Oulu (/ˈuːluː/ OO-loo) is a town in Bayfield County, Wisconsin, United States. The population was 560 at the 2020 census, up from 527 at the 2010 census. The town is named after Oulu, the fifth most populous city of Finland located in the North Ostrobothnia region.

== History ==
Finnish immigrants were settling in the area around Oulu since 1889. Although other immigrants came, including German and Norwegian settlers, around 75% of the population were still Finnish immigrants.

==Geography==
According to the United States Census Bureau, the town has a total area of 91.8 sqkm, all land.

==Demographics==

=== 2020 census ===
As of the 2020 census, there were 560 people, 313 housing units, and 221 families in the town. The racial makeup was 94.8% White, 0.3% African American, 0.3% Native American, 0.0% Asian, 0.1% from some other race, and 4.2% from two or more races. Those of Hispanic or Latino origin made up 1.6% of the population.
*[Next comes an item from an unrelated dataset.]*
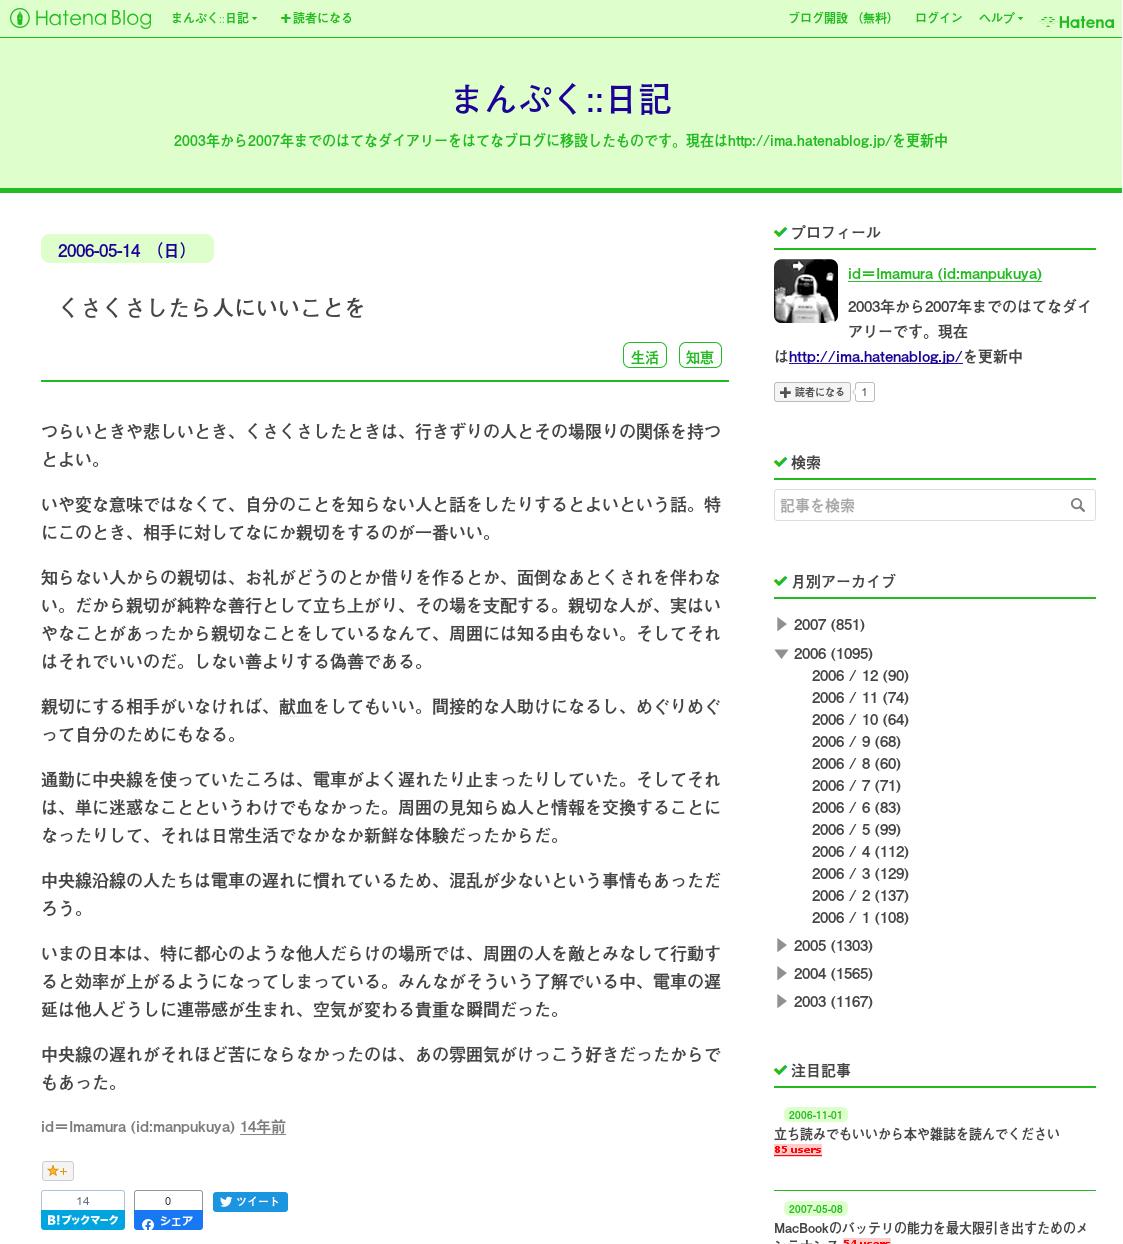 f:id:Imamura:20200620181418p:plain

The ancestry was 21.6% German, 10.7% Swedish, 10.5% Norwegian, 9.0% English, 8.6% Irish, and 3.2% Polish.

The median age was 53.4 years old. 21.6% of the population were 65 or older, 17.8% were between 65 and 74, 3.4% were between 75 and 84, and 0.4% were 85 or older. 13.7% of the population were under 18, with 2.4% under 5, 7.7% between the ages of 5 and 14, and 3.6% between 15 and 17.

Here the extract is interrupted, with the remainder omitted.